NEAT includes everything from walking to work, taking stairs, fidgeting, doing household chores, gardening, and standing instead of sitting. Research shows that NEAT can vary by thousands of calories a day for different people. The differences in NEAT often explain why some people seem to “naturally” stay lean while others struggle to control their weight (despite similar diets and physical activity).
Walking represents the most accessible and sustainable way to increase your NEAT. Unlike intense exercise that requires recovery and can be difficult to maintain, walking can be performed every day (or many times a day!).
Walking burns calories, that's obvious. But the benefits extend far beyond simple calorie expenditure. A 70-kilogram person can burn approximately 200-300 kcal/hour while walking. While this might seem modest compared to more intense exercise, it is easier.
Most people can easily walk for an hour a day (across multiple sessions) without fatigue, excessive hunger, or muscle aches. That's potentially ~300 kcal/day, which adds up to ~2,000 a week, which is the energy equivalent of one kilogram of fat a month; just from walking.

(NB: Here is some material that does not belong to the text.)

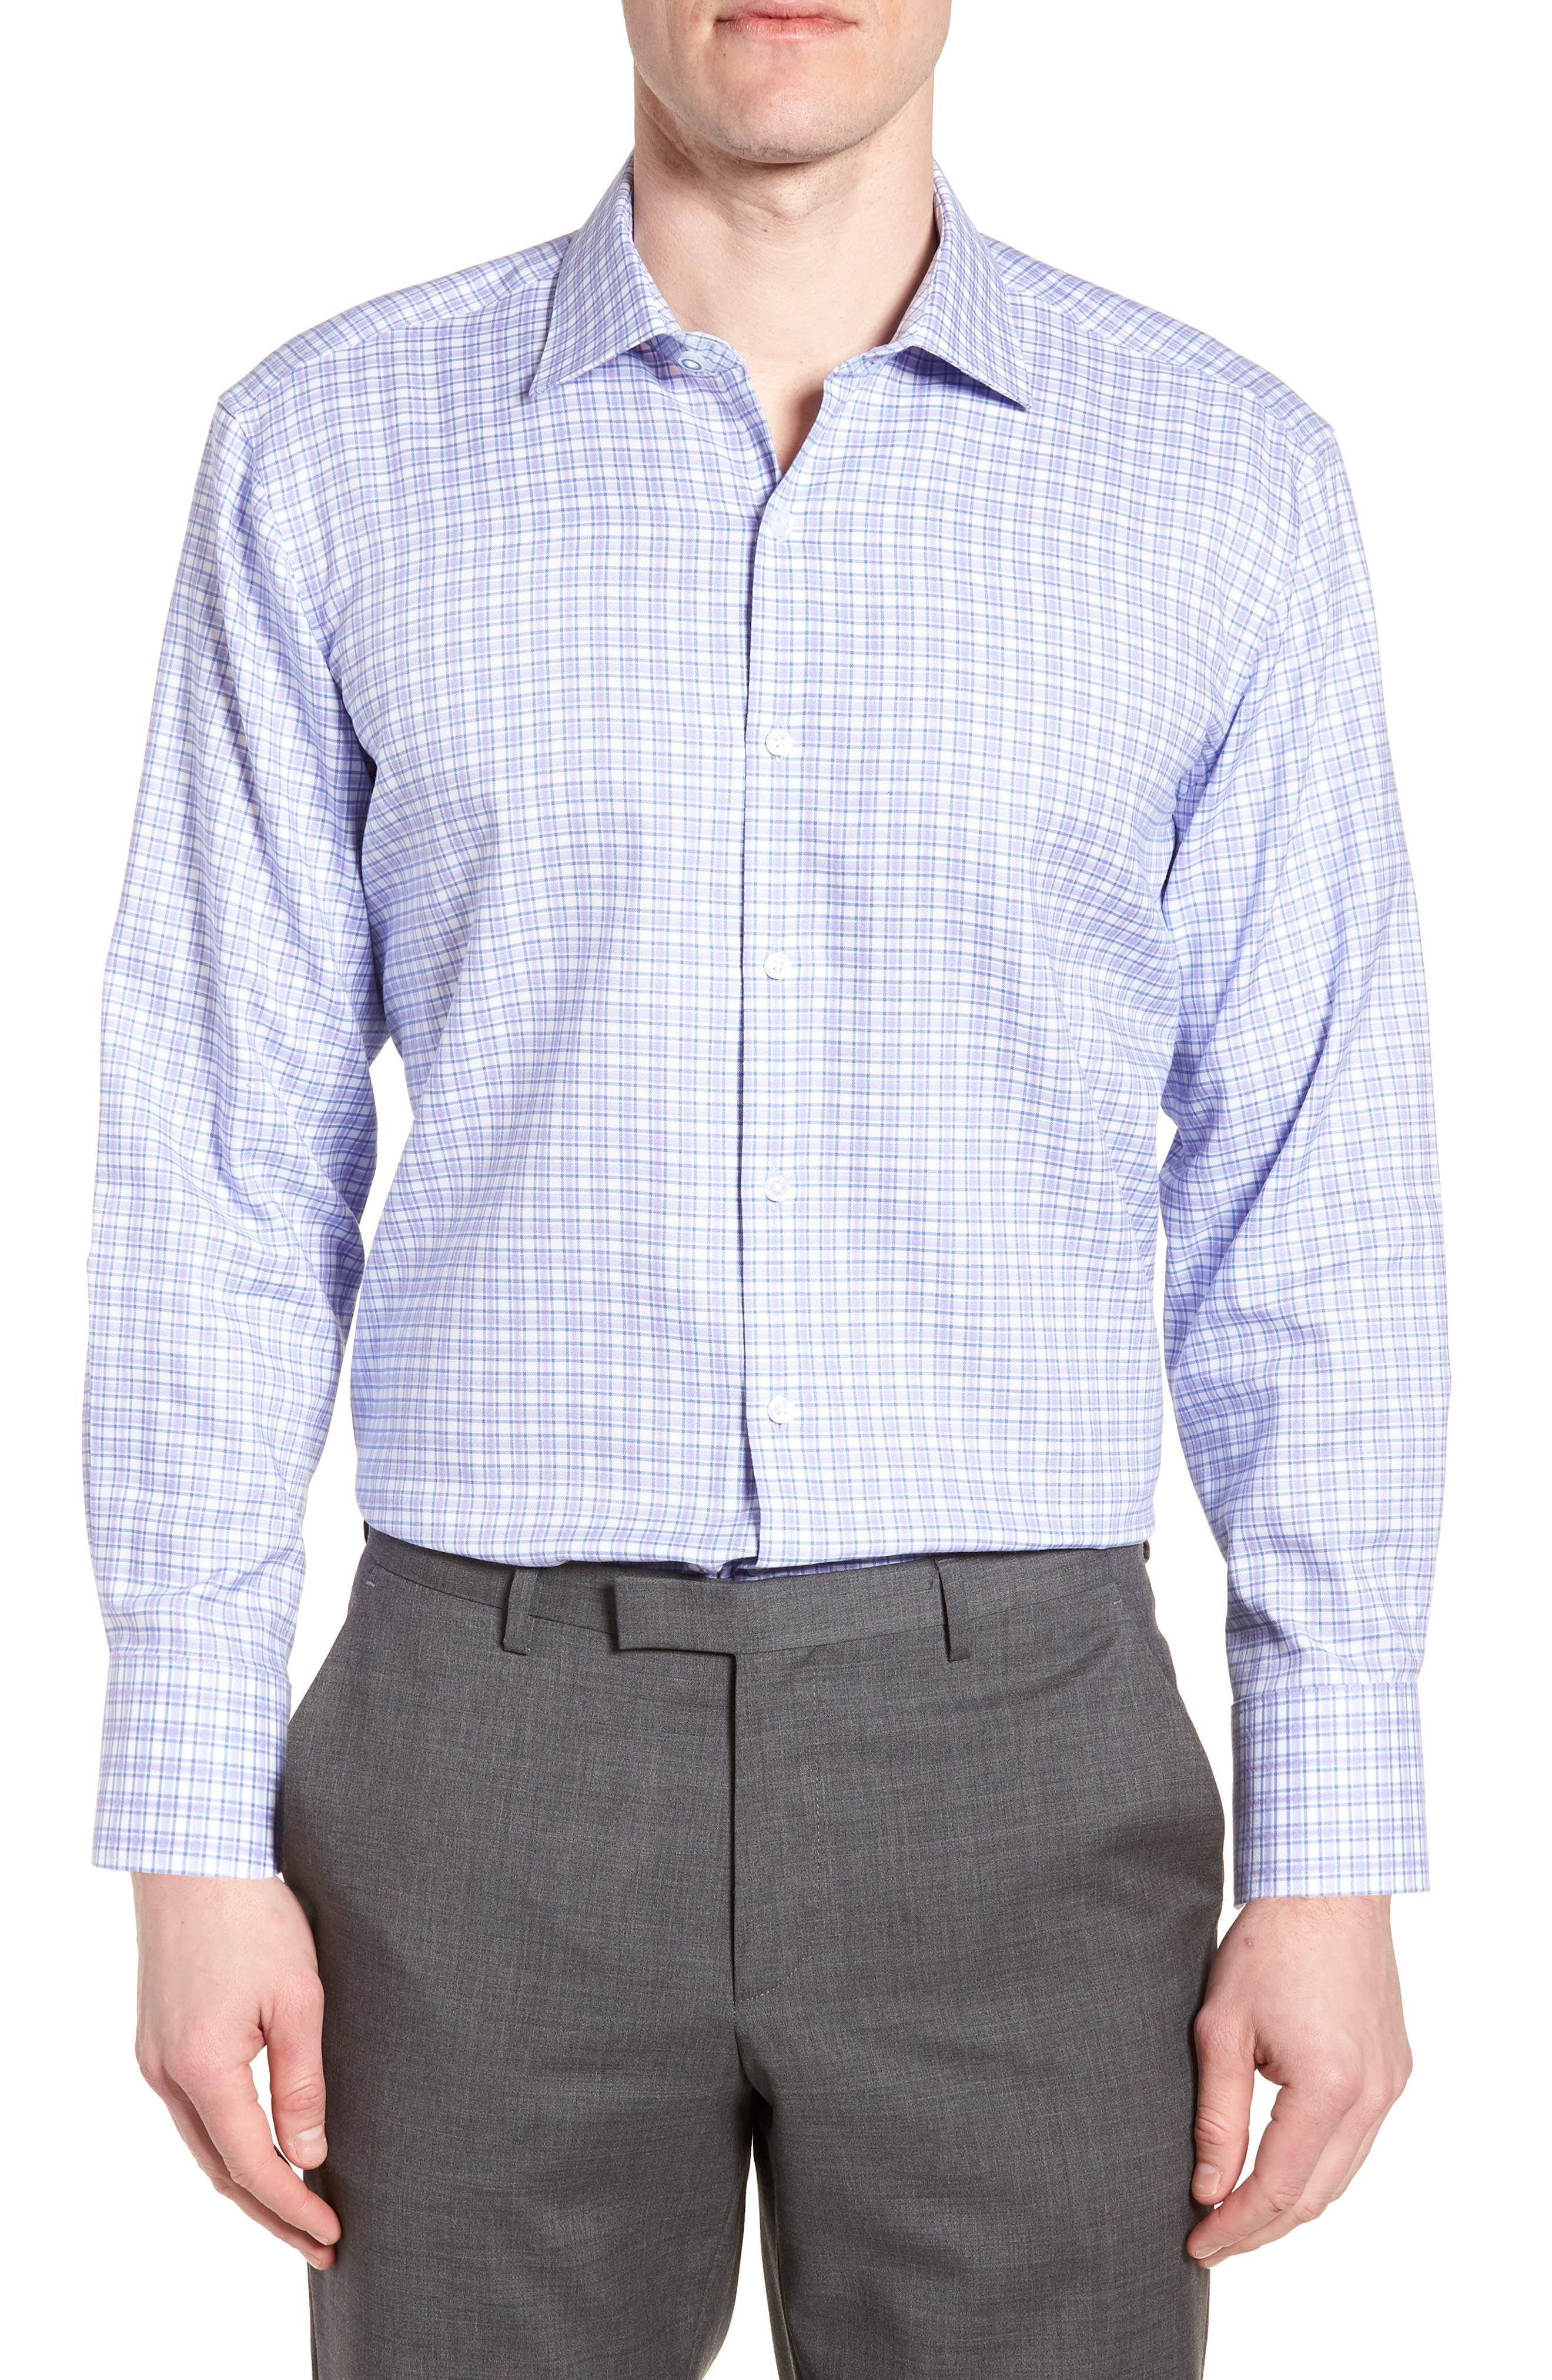 Neil Trim Fit Check Dress Shirt,                             Main thumbnail 1, color,                             Lavender

More importantly, walking doesn't seem to trigger the hunger response that some other exercises do. Many people find themselves unconsciously eating more after long and intense exercise sessions, potentially offsetting the calories that are burned. Walking, being low-intensity, tends to avoid this response.
Another underappreciated benefit: walking doesn't interfere with other forms of exercise. In fact, adding light walking to your routine can improve recovery from more intense exercise (e.g., HIIT or weightlifting). It does this by promoting blood flow, reducing muscle soreness, and managing stress without adding any more physical strain. So you can walk freely, without worrying about impairing your strength gains or muscle growth.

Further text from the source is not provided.